+++ Extracted entries
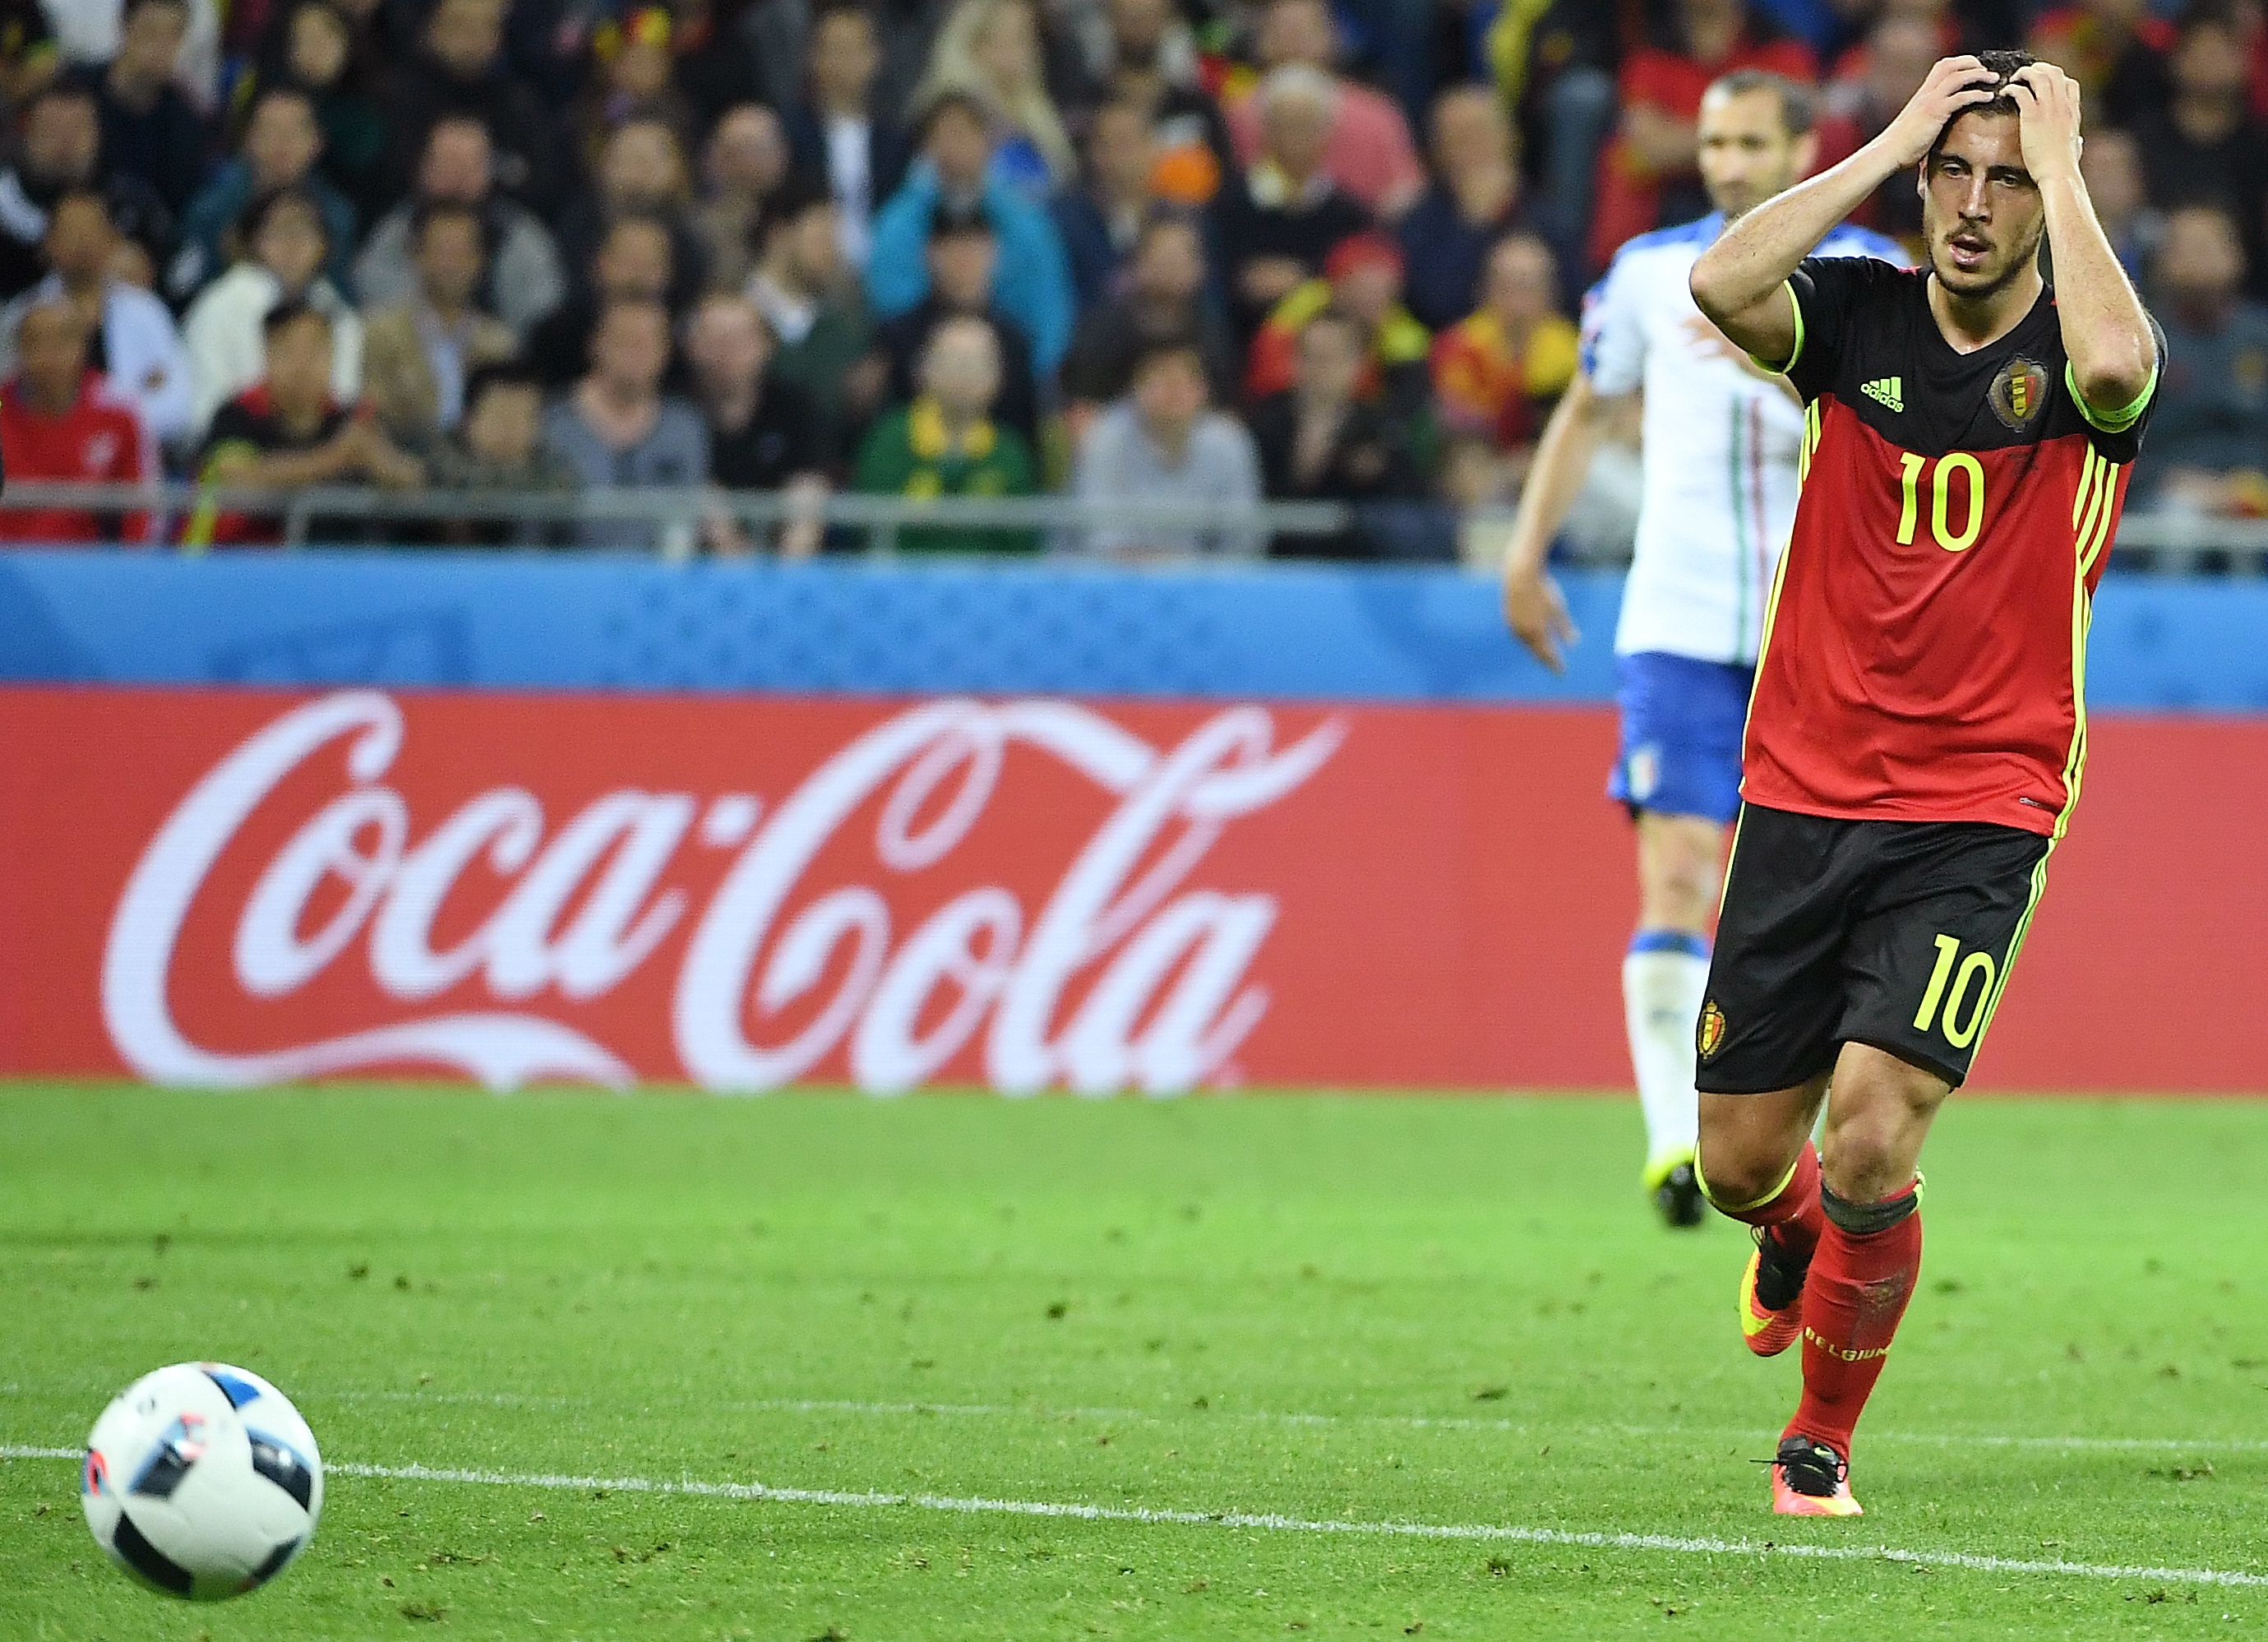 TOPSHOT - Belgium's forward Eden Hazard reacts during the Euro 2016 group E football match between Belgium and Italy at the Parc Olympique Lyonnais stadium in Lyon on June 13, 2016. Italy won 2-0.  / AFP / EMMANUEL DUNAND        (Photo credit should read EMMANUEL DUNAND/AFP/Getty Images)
++++++
+++ Extracted entries
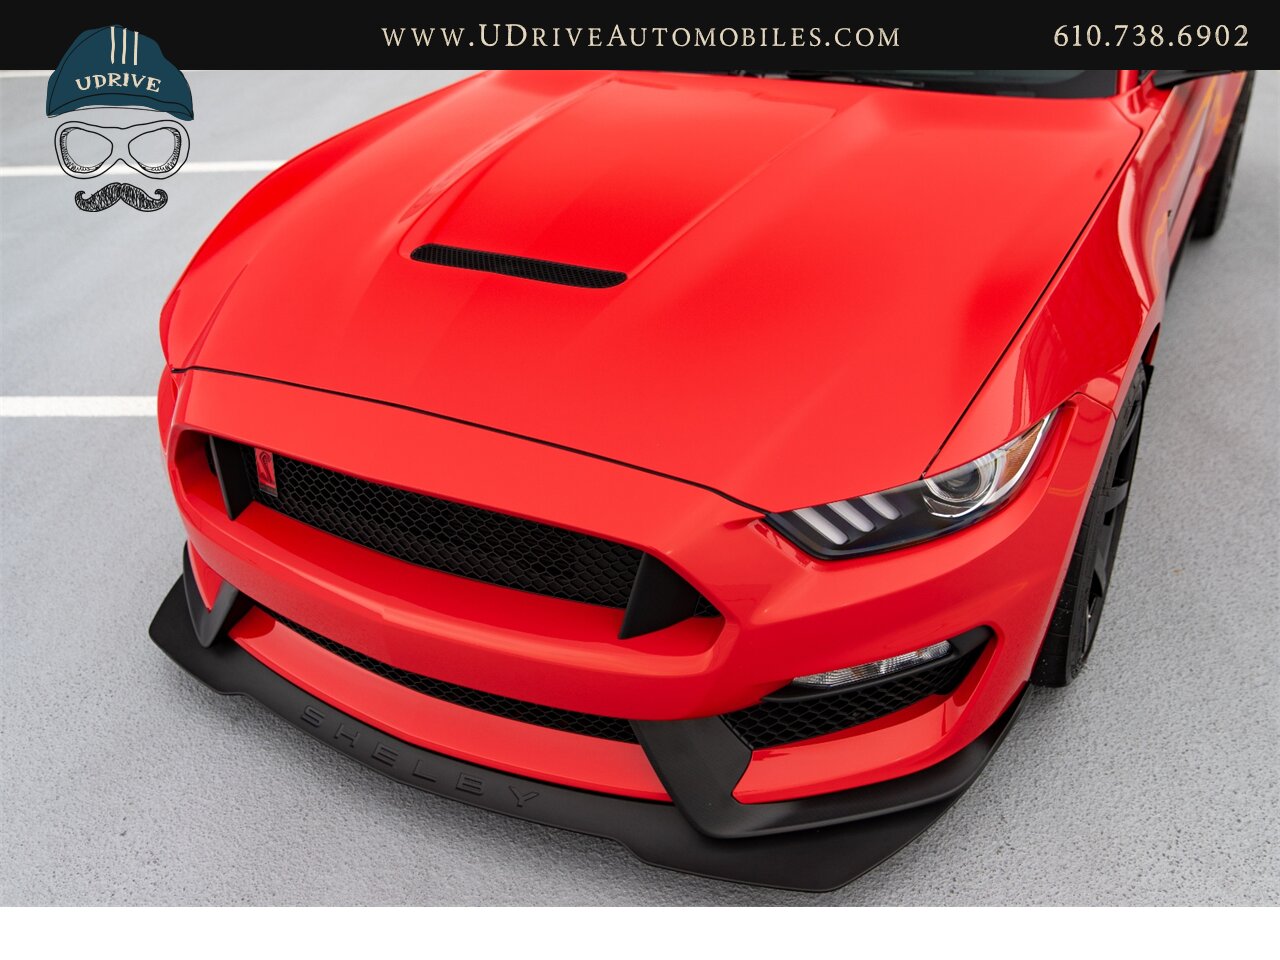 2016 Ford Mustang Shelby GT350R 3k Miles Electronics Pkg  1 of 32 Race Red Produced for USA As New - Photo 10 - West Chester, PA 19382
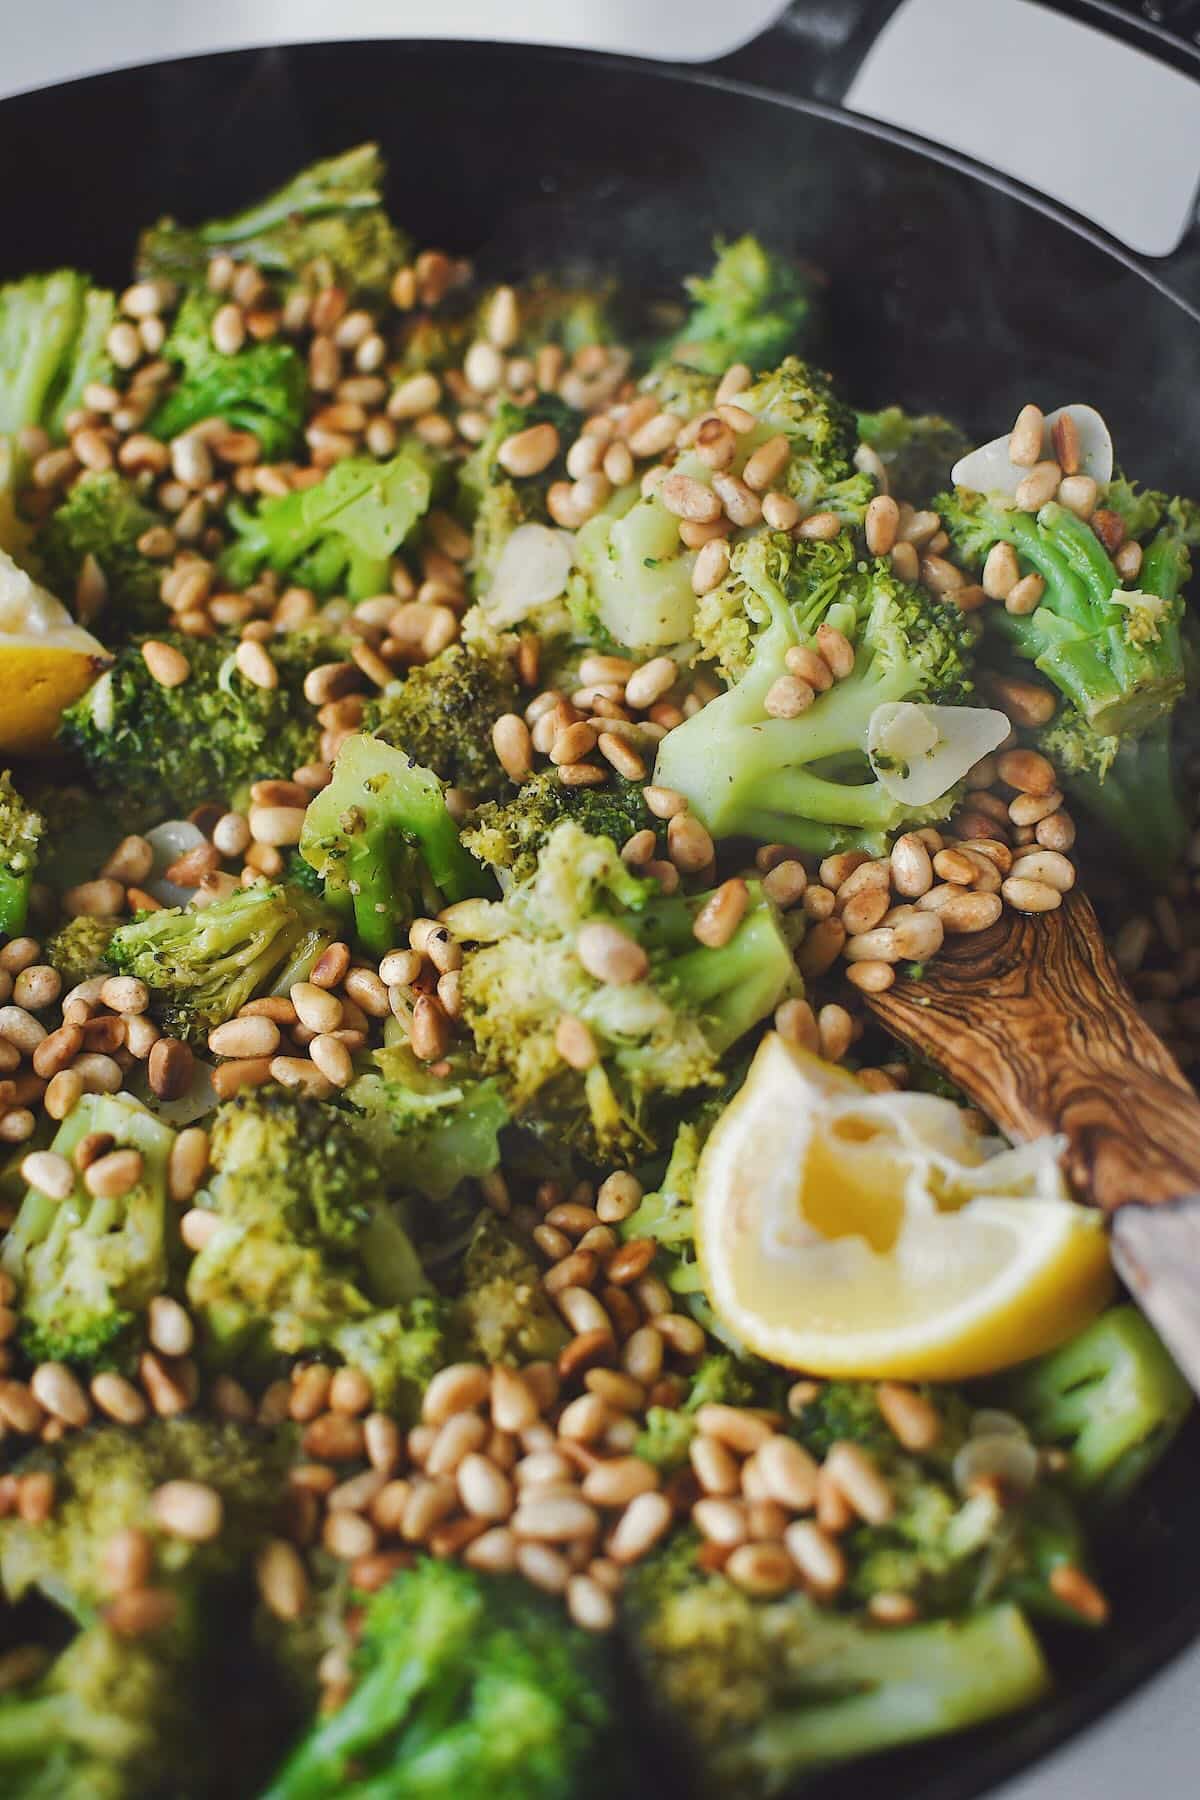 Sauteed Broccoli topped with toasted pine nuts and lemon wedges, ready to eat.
++++++
+++ Extracted entries
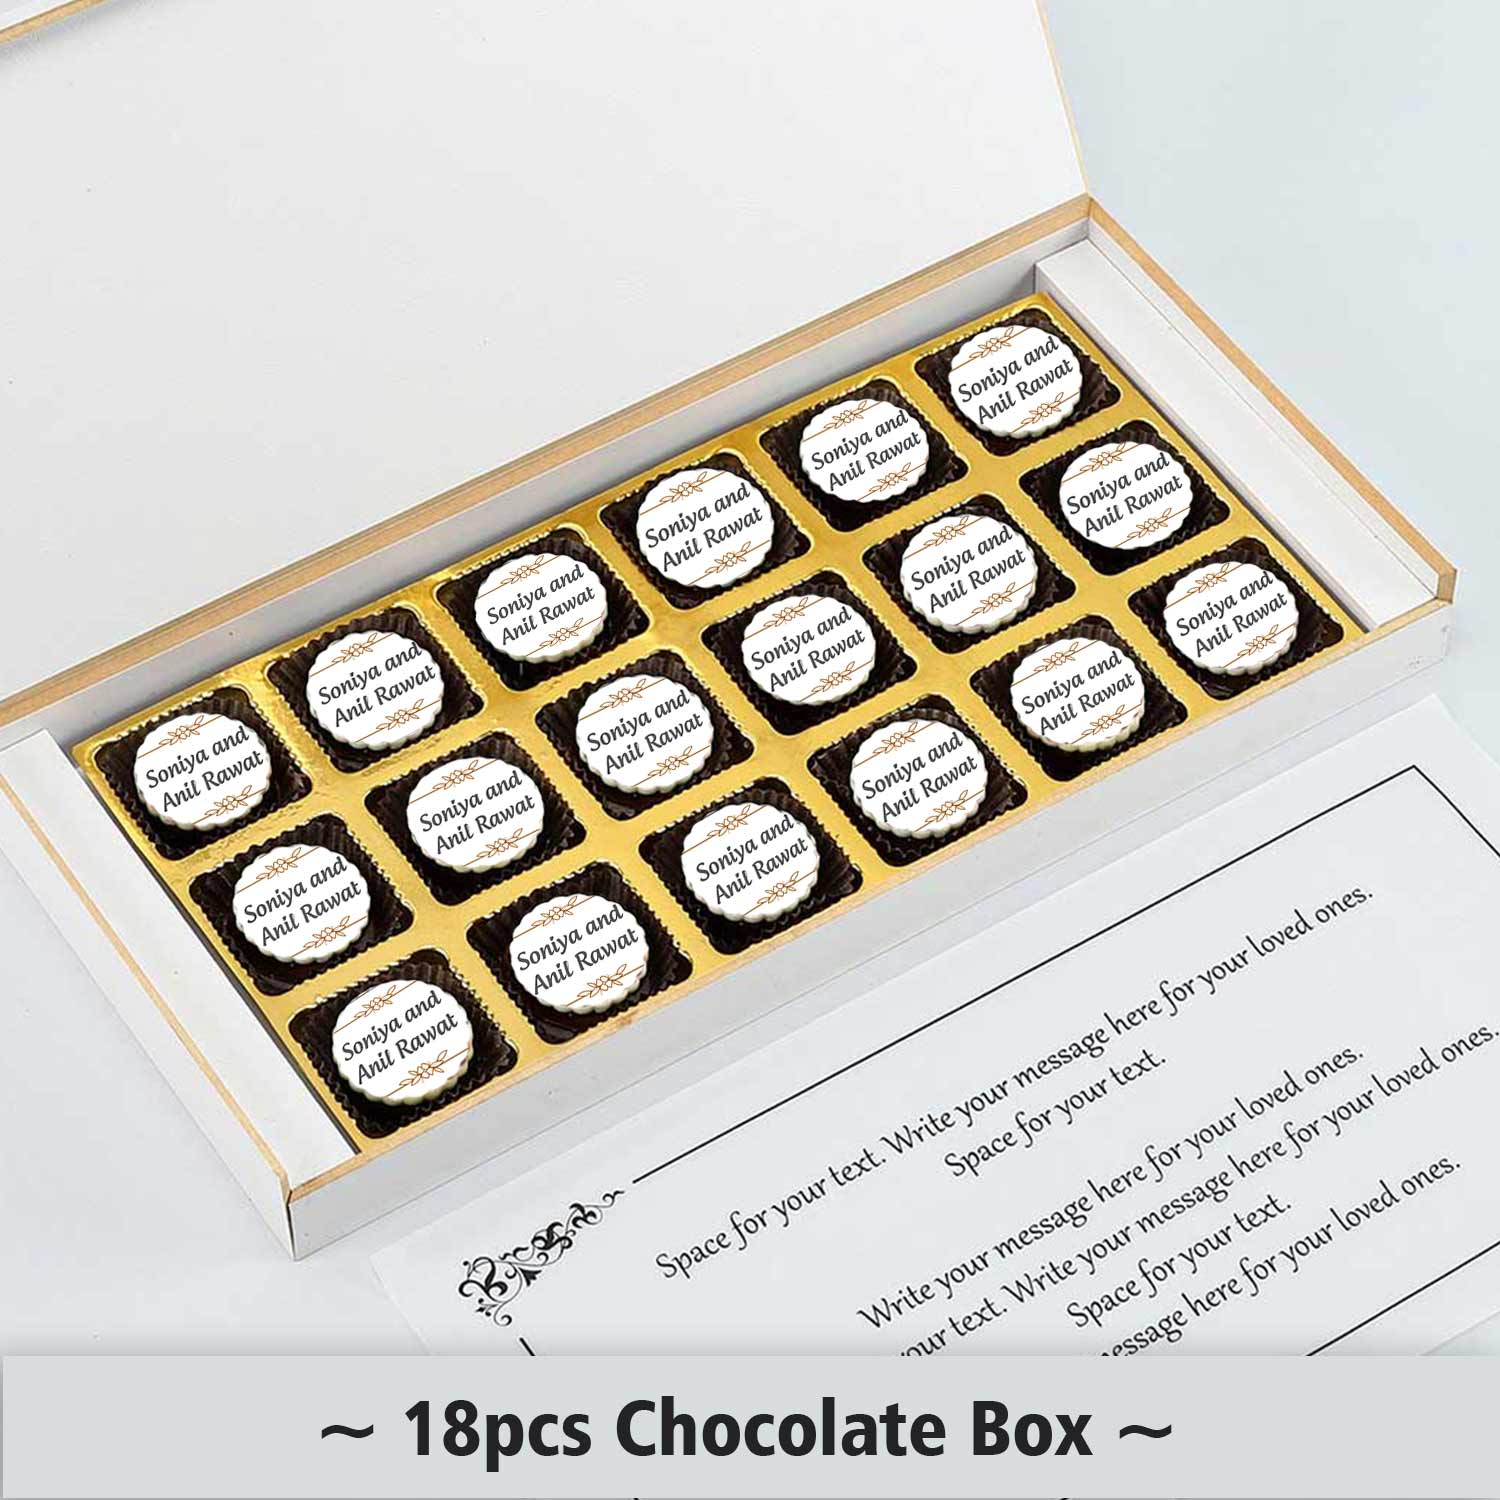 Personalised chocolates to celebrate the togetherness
++++++
## Work required
From the records above, transcribe exactly the lines starting at the one containing "2016 Ford Mustang" and ending at the one containing "Sauteed Broccoli topped". Skip the pictures.

## Output of the exercise
 2016 Ford Mustang Shelby GT350R 3k Miles Electronics Pkg  1 of 32 Race Red Produced for USA As New - Photo 10 - West Chester, PA 19382
 Sauteed Broccoli topped with toasted pine nuts and lemon wedges, ready to eat.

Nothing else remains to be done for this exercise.